Para os demais procedimentos necessários, foram acionadas a Polícia Militar e a Perícia Oficial e Identificação Técnica (Politec).

Ainda no sábado, por volta das 20h, a equipe da 13ª CIBM foi acionada para atender uma ocorrência de acidente de trânsito na MT 338, a cerca de 42 km do município de Itanhangá (a 454 km de Cuiabá).

No local, a equipe constatou que havia ocorrido uma colisão entre um carro de passeio e uma carreta, e que o condutor do veículo menor, um homem de 41 anos, estava preso às ferragens do carro, já sem os sinais vitais devido ao impacto do acidente.

O motorista da carreta estava com sua filha no veículo e ambos estavam ilesos, conscientes, orientados e não necessitaram de atendimento. O homem relatou que o automóvel invadiu a pista contrária, ocasionando o acidente.

Os militares realizaram o desencarceramento da vítima, utilizando equipamentos de corte e expansão para retirar o corpo do interior do veículo. A operação durou cerca de sete horas.

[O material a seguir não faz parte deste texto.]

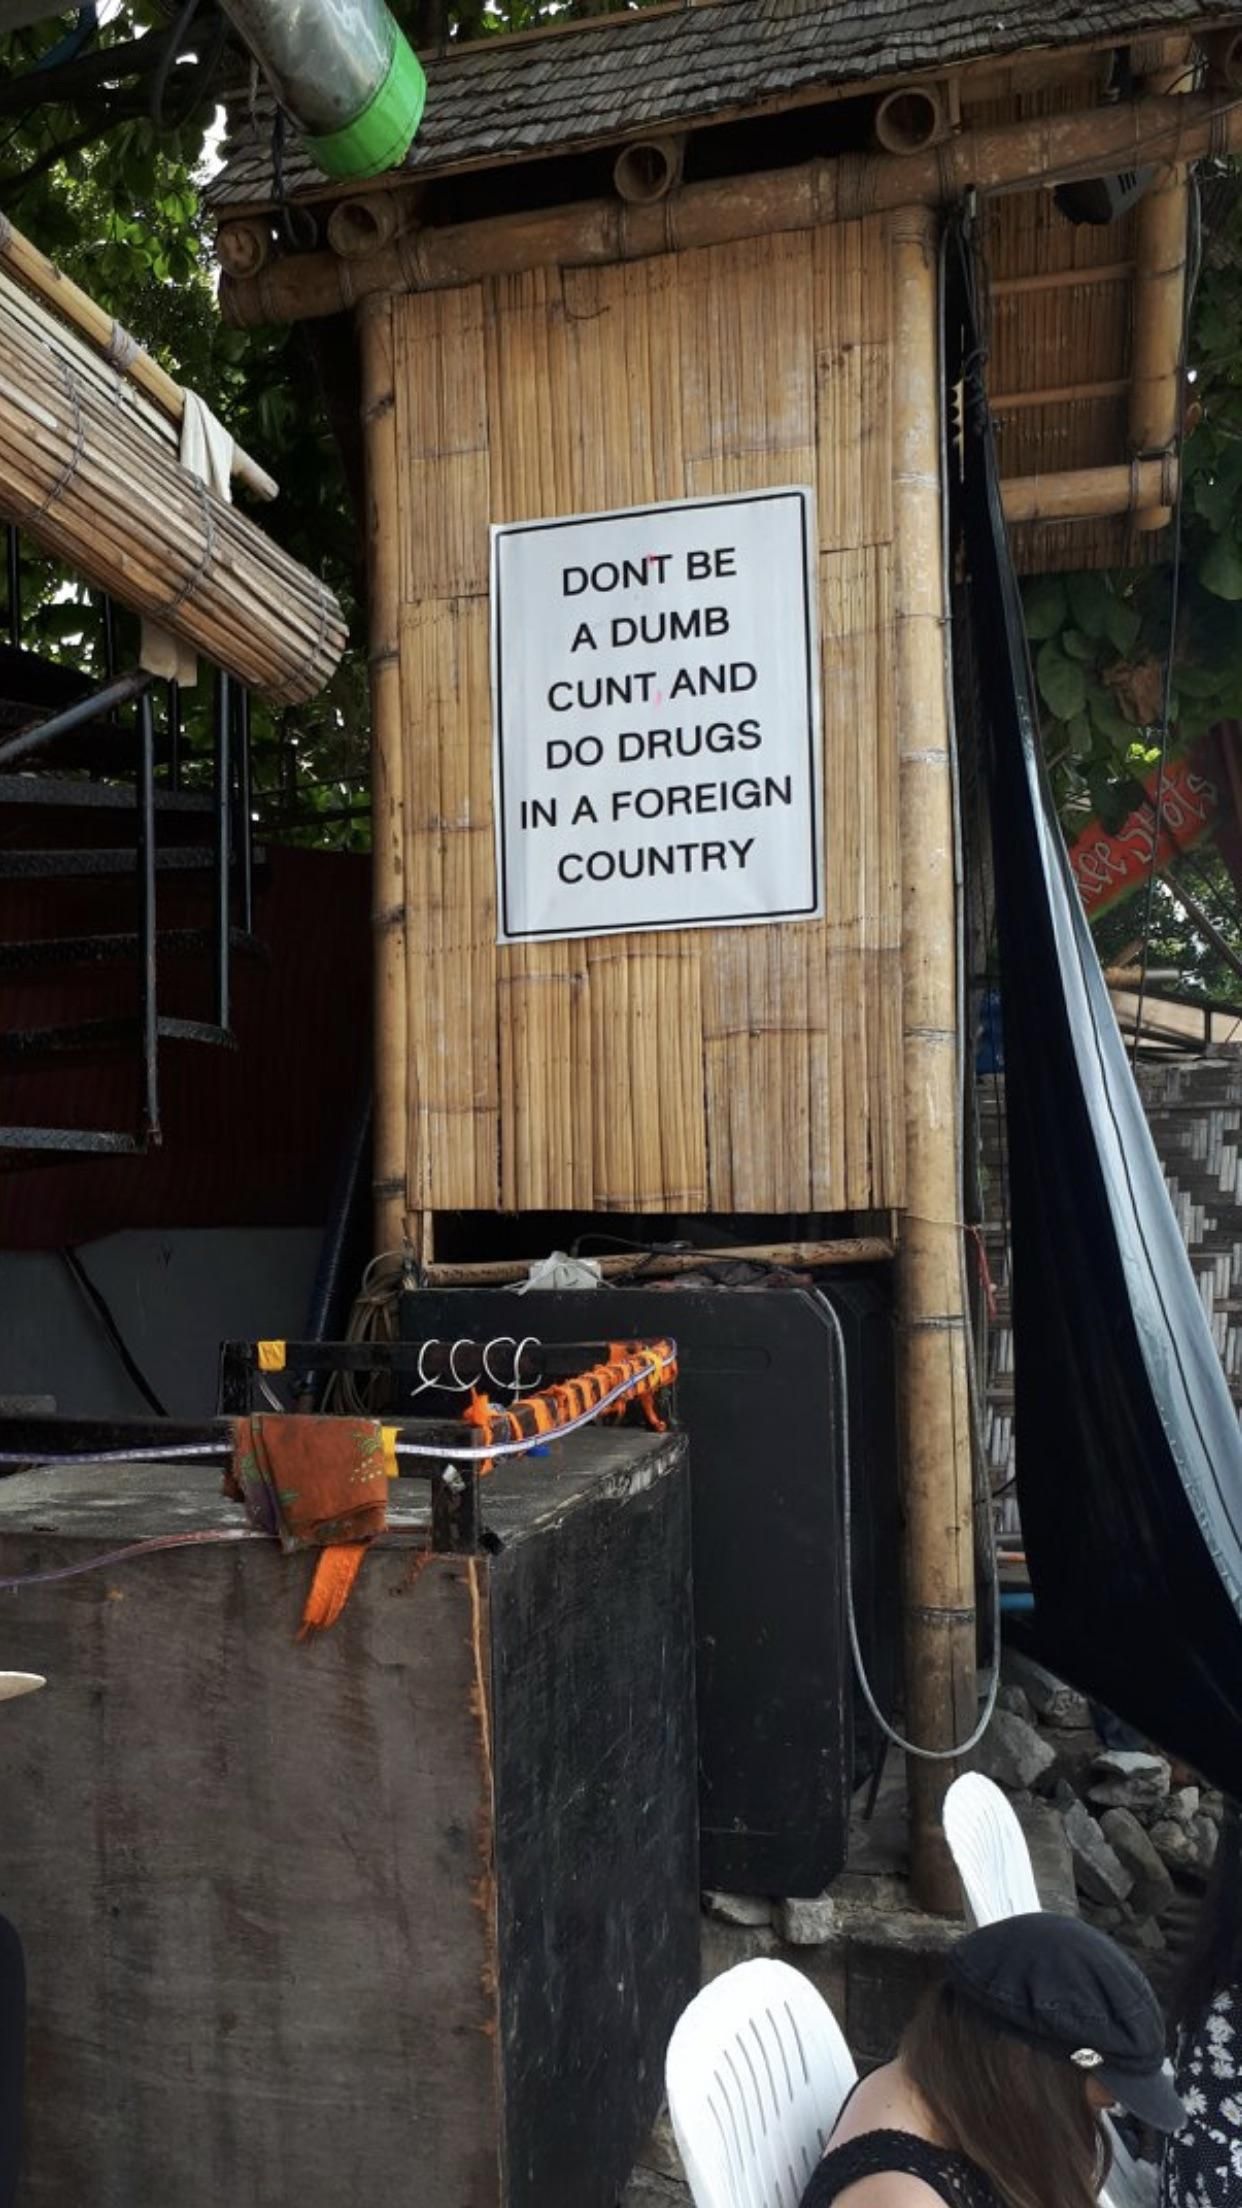 This sign in Phuket

Após a remoção, o corpo foi deixado aos cuidados da equipe da Polícia Civil, que ficou responsável pelos procedimentos periciais e pela identificação da vítima.

No domingo

Já na manhã deste domingo (14.12), o CBMMT foi acionado para atender uma ocorrência de acidente de trânsito registrada na rodovia BR-364, no km 03, em Alto Araguaia (422 km de Cuiabá).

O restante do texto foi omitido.